Now since they are all listings, I was thinking of a polymorphic approach, creating a parent LISTINGS table and a different child table for each of the different categories (COMPUTERS, CARS, CAMERAS). Each child table will have a listing_id that will link back to the LISTINGS TABLE. So when a listing is fetched, it would fetch a row from LISTINGS joined by the linked row in the associated child table.
LISTINGS
-listing_id
-user_id
-email_address
-date_created
-description
CARS
-car_id
-listing_id
-make
-model
-num_doors
-horsepower
COMPUTERS
-computer_id
-listing_id
-cpu
-ram
-motherboard_model
Now, is this schema a good design pattern or are there better ways to do this?
I considered single inheritance but quickly brushed off the thought because the table will get too large too quickly, but then another dilemma came to mind - if the user does a global search on all the listings, then that means I will have to query each child table separately. What happens if I have over 100 different categories, wouldn't it be inefficient?
I also thought of another approach where there is a master table (meta table) that defines the fields in each category and a field table that stores the field values of each listing, but would that go against database normalization?

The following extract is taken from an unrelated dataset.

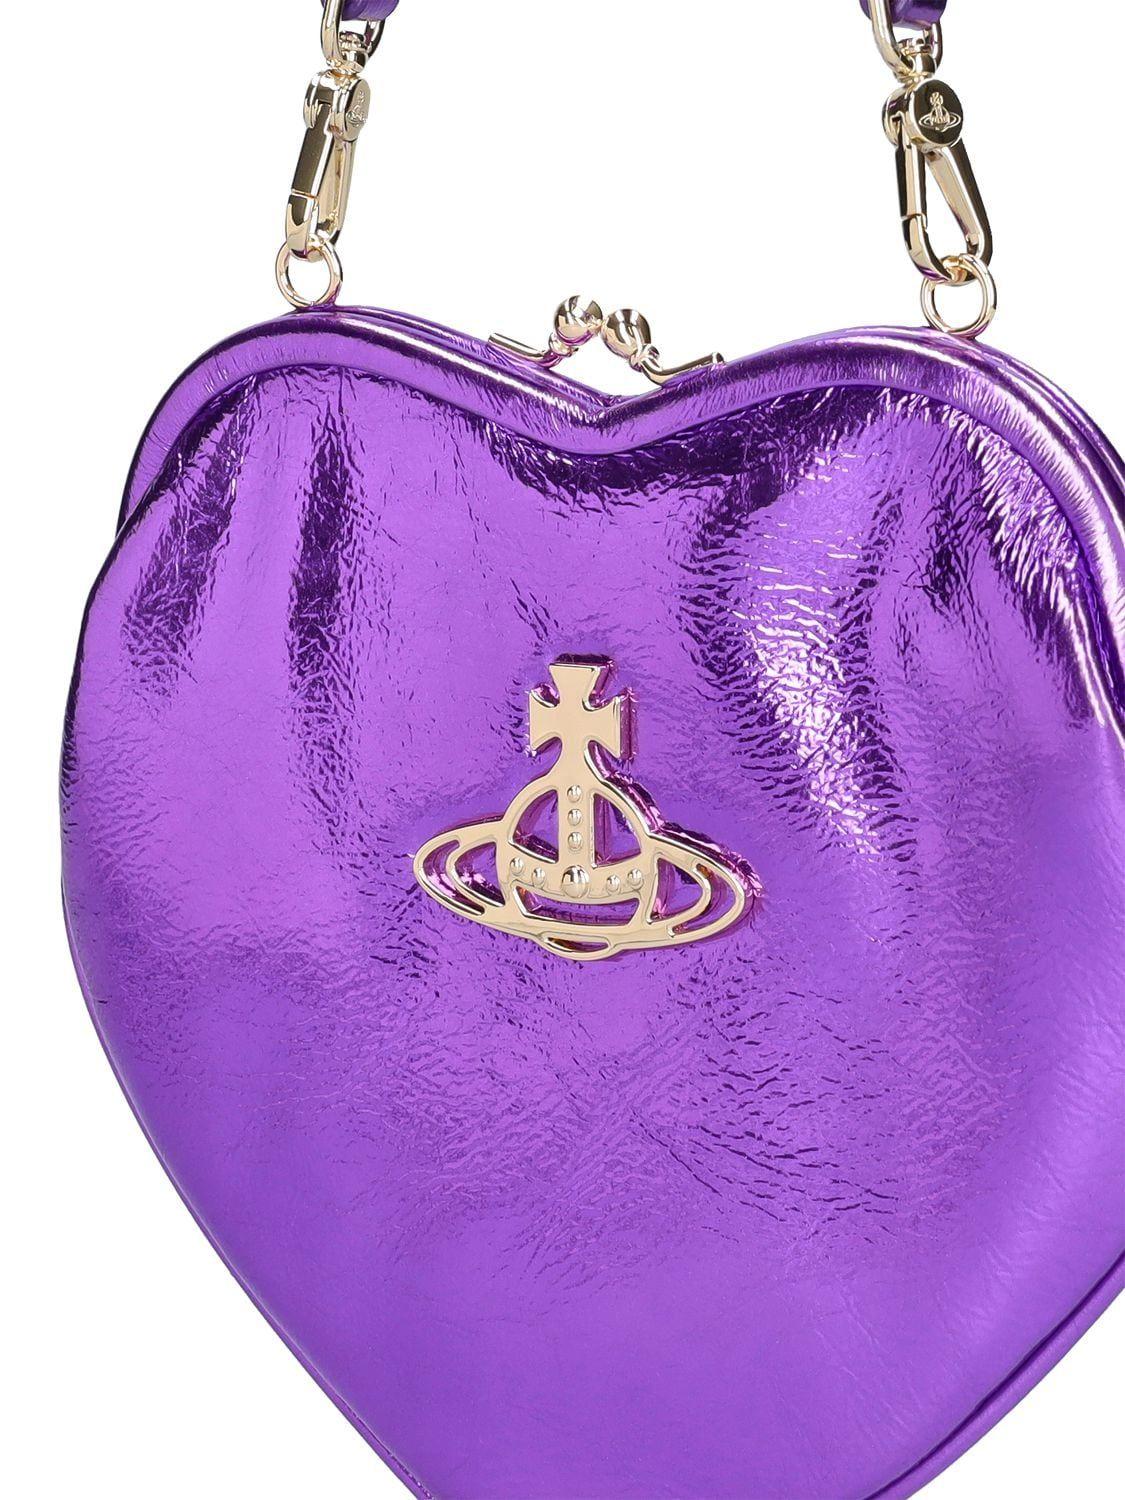 Vivienne Westwood 'Belle' handbag, Women's Bags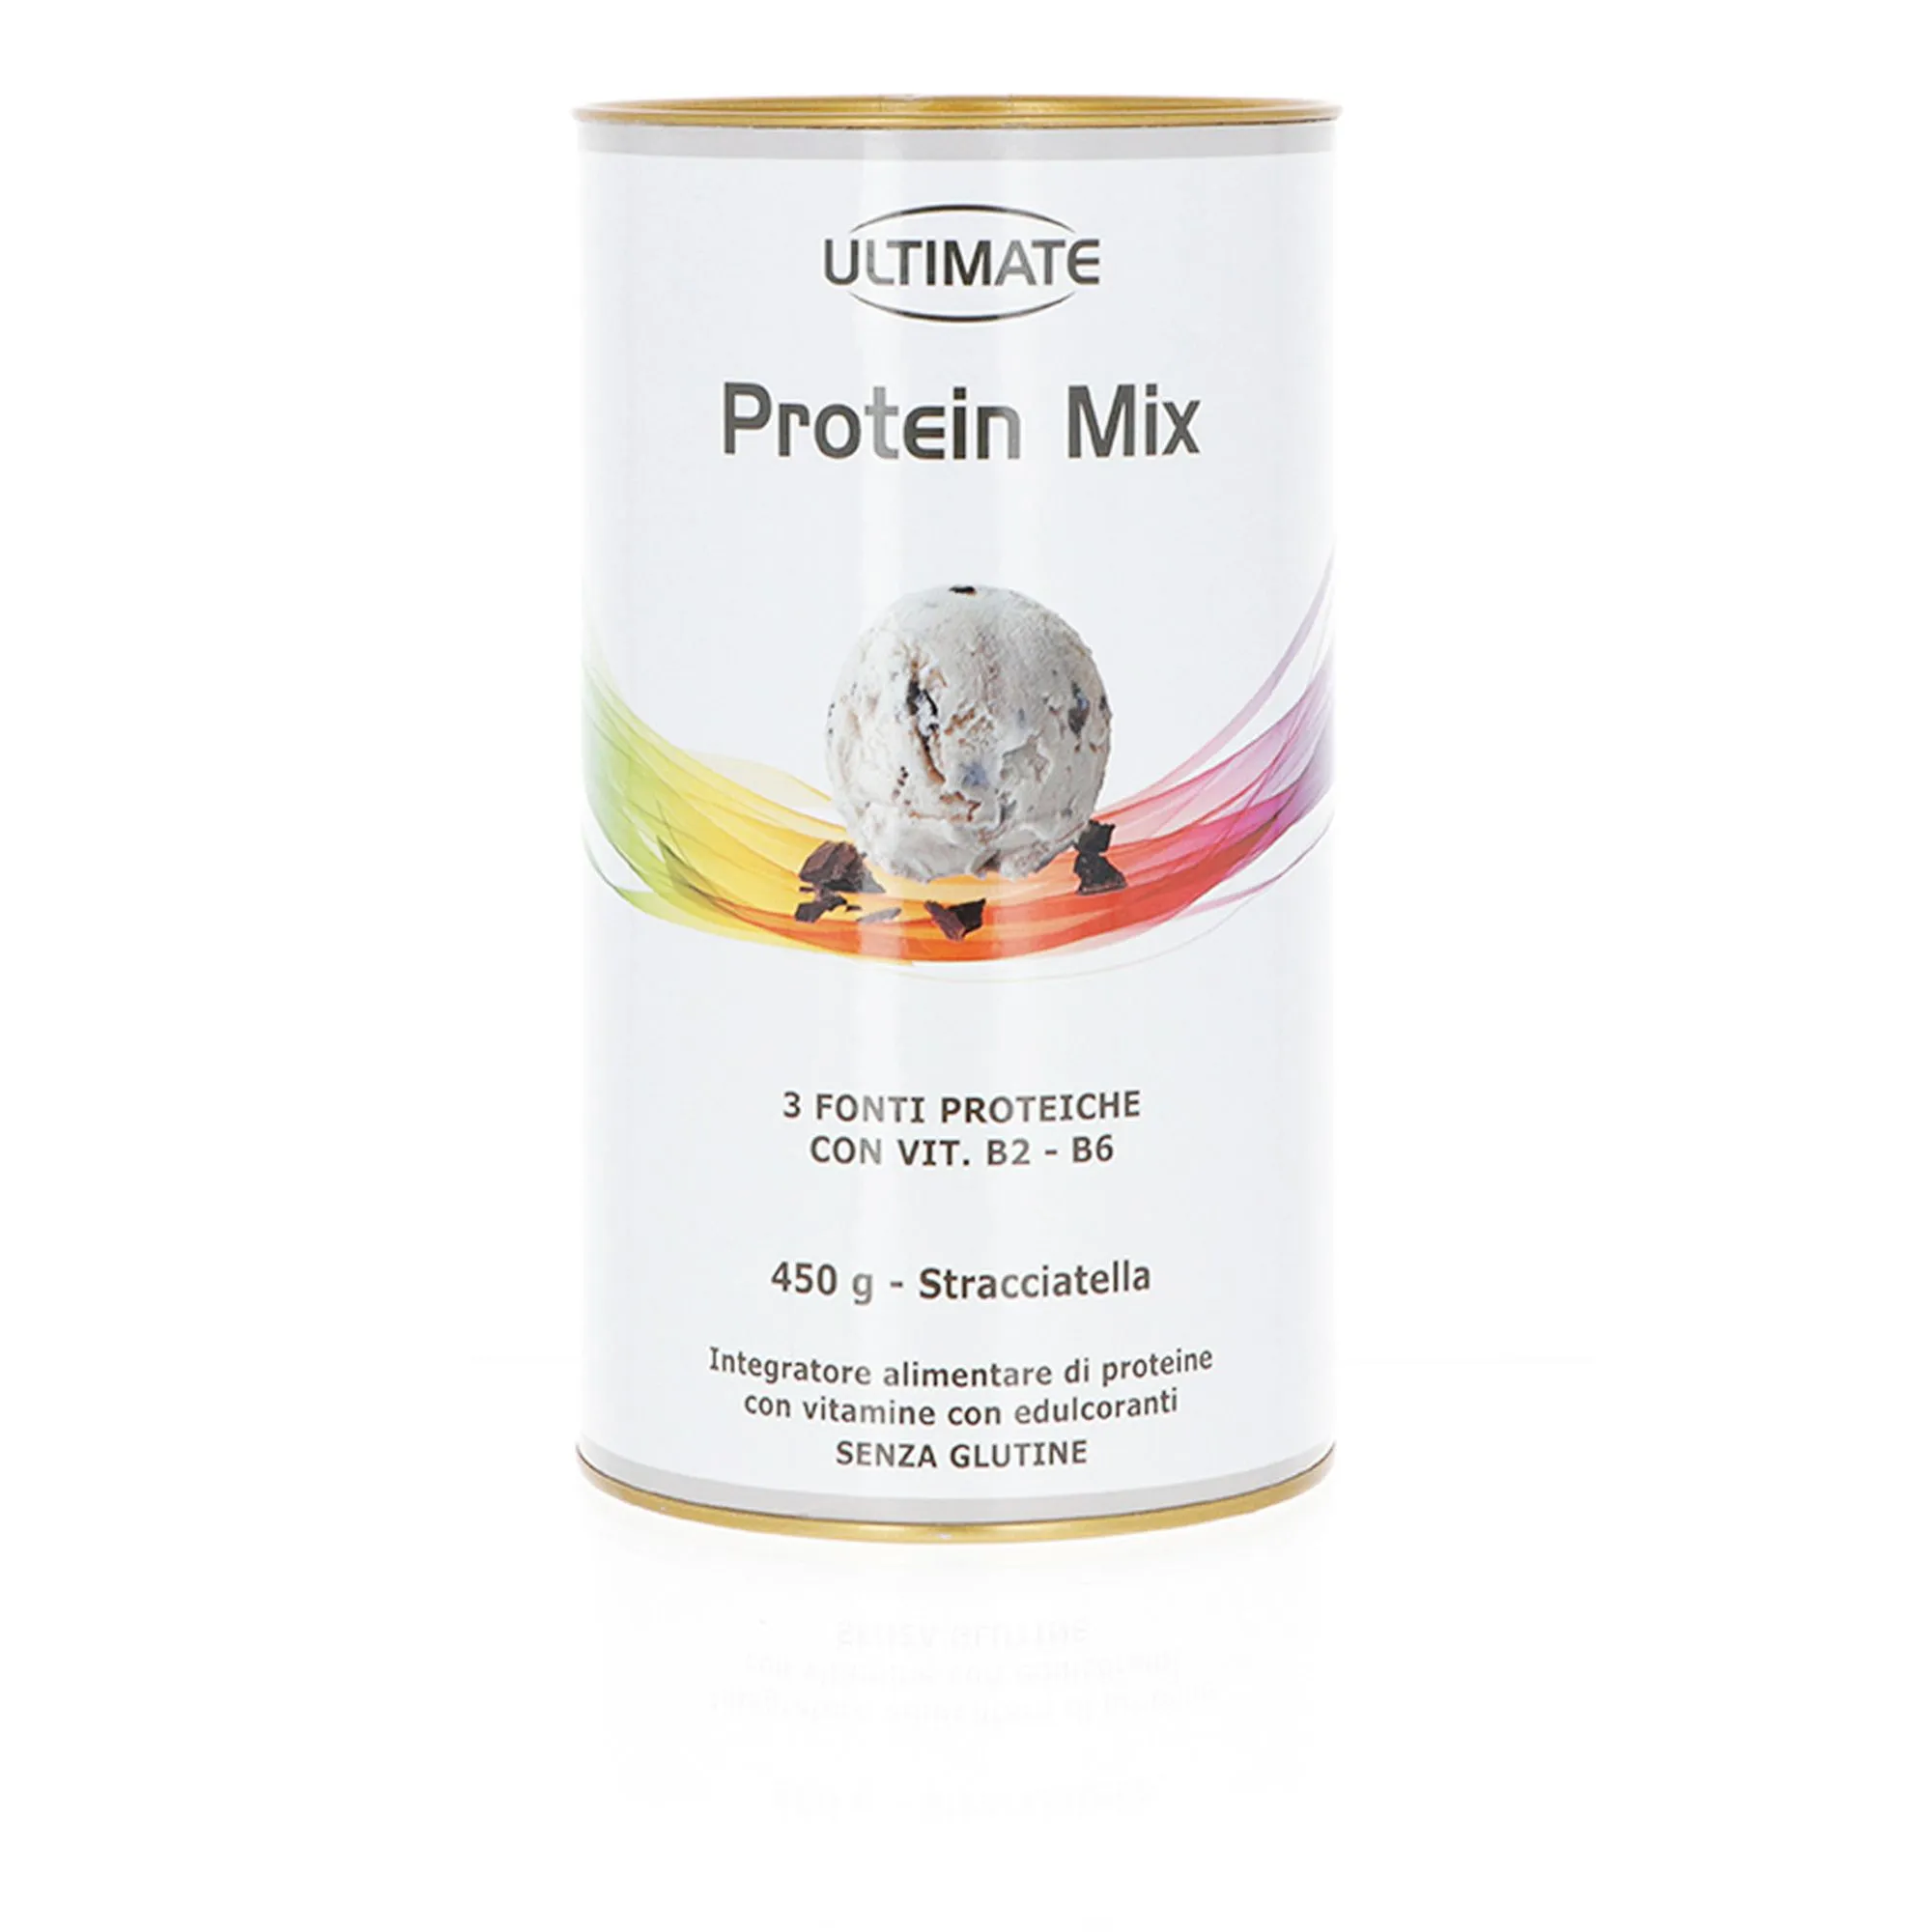 Protein Mix Integratore alimentare di proteine

How would sites like Kijiji do it?
Your database design is fine. No reason to change what you've got. I've seen the search done a few ways. One is to have your search stored procedure join all the tables you need to search across and index the columns to be searched. The second way I've seen it done which worked pretty well was to have a table that is only used for search which gets a copy of whatever fields that need to be searched. Then you would put triggers on those fields and update the search table.
They both have drawbacks but I preferred the first to the second.
EDIT
You need the following tables.
Categories
- Id
- Description
CategoriesListingsXref
- CategoryId
- ListingId
With this cross reference model you can join all your listings for a given category during search. Then add a little dynamic sql (because it's easier to understand) and build up your query to include the field(s) you want to search against and call execute on your query.
That's it.
EDIT 2
This seems to be a little bigger discussion that we can fin in these comment boxes. But, anything we would discuss can be understood by reading the following post.

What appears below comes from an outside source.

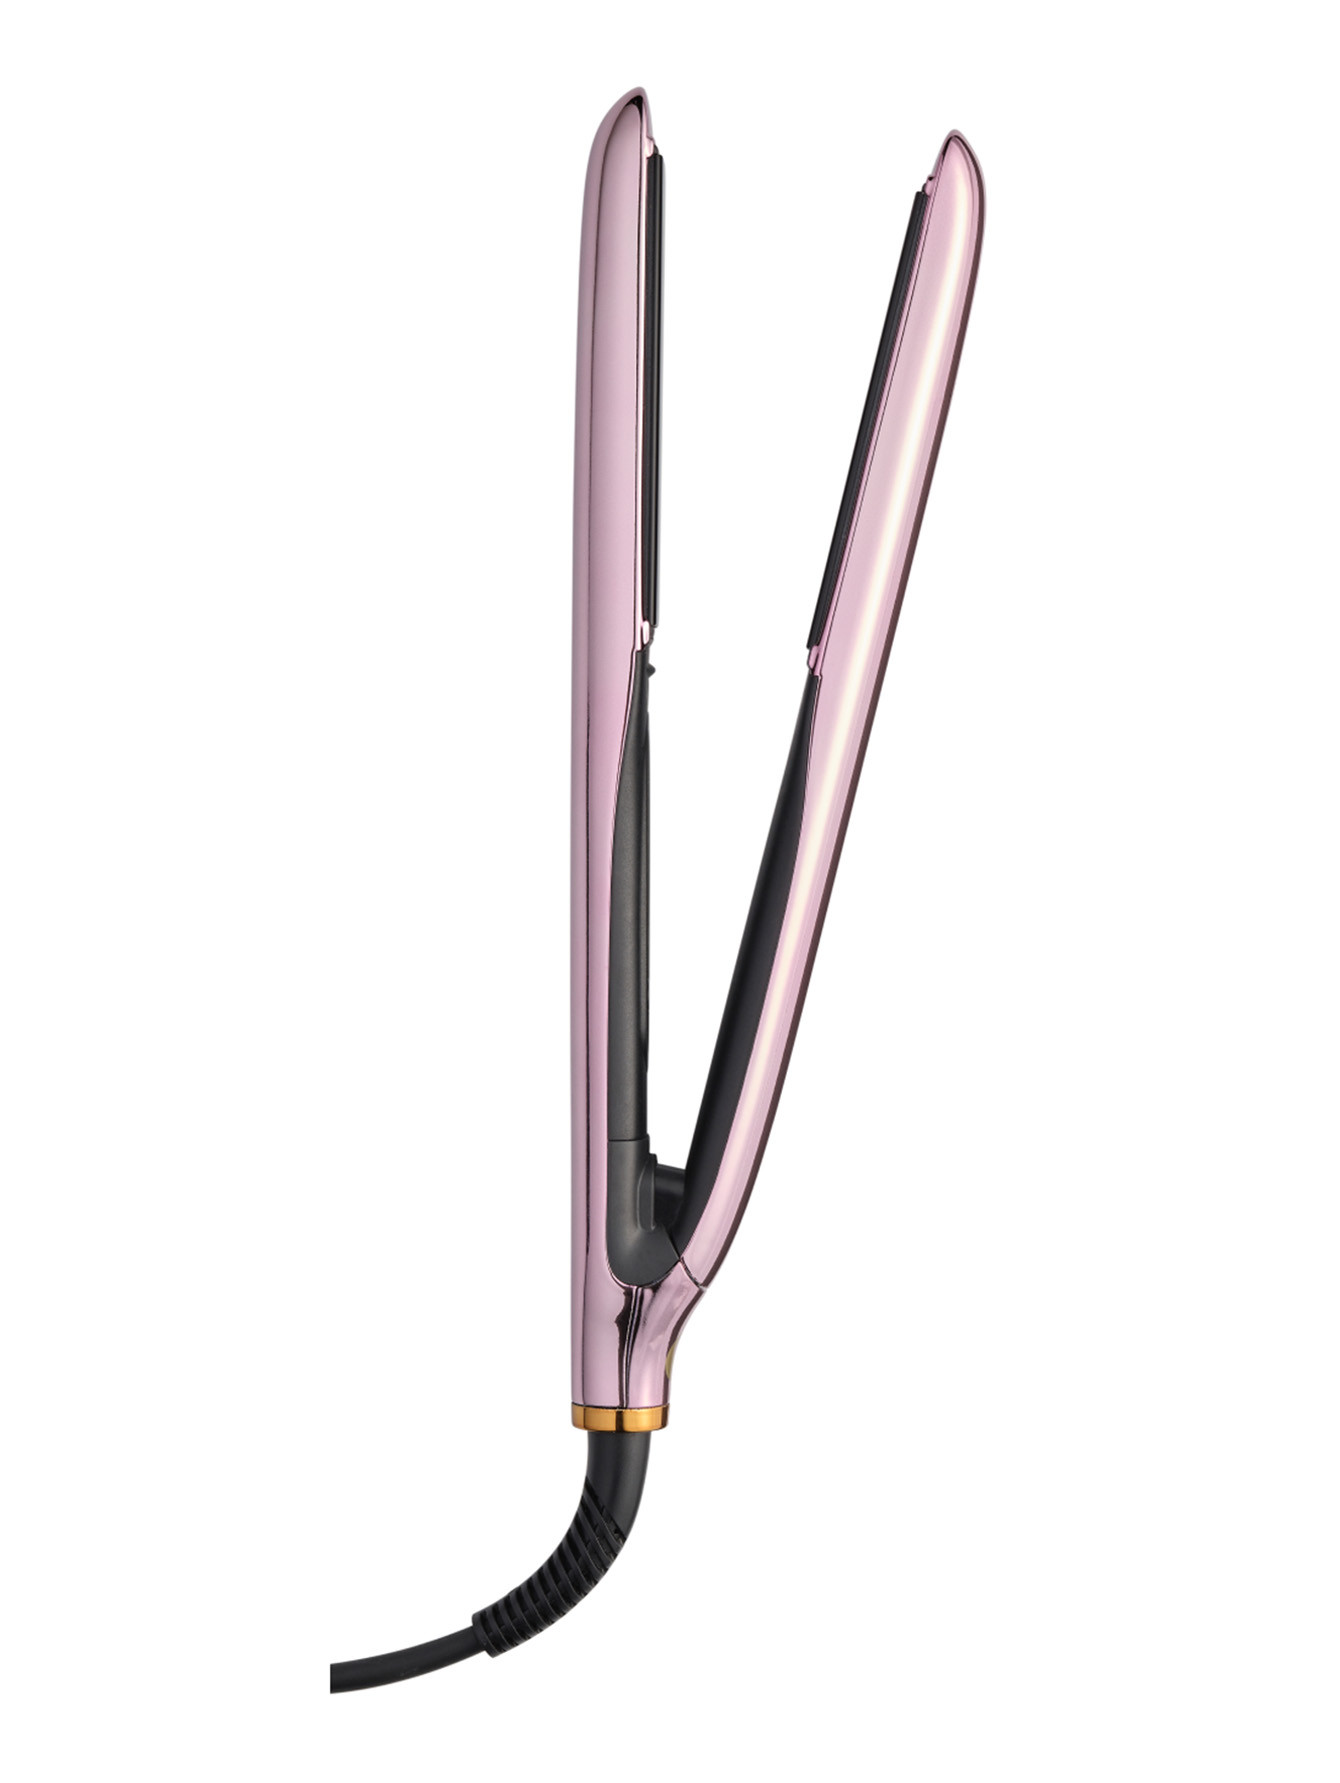 Стайлер для выпрямления волос True Divinity MK2 Pink Champagne - Общий вид

http://www.sommarskog.se/dyn-search-2008.html
It is really complete and shows you more than 1 way of doing it with pro's and cons.
Good luck.
I think the design you have chosen will be good for the scenario you just described. Though I'm not sure if the sub class tables should have their own ID. Since a CAR is a Listing, it makes sense that the values are from the same "domain".
In the typical classified ads site, the data for an ad is written once and then is basically read-only. You can exploit this and store the data in a second set of tables that are more optimized for searching in just the way you want the users to search. Also, the search problem only really exists for a "general" search. Once the user picks a certain type of ad, you can switch to the sub class tables in order to do more advanced search (RAM > 4gb, cpu = overpowered).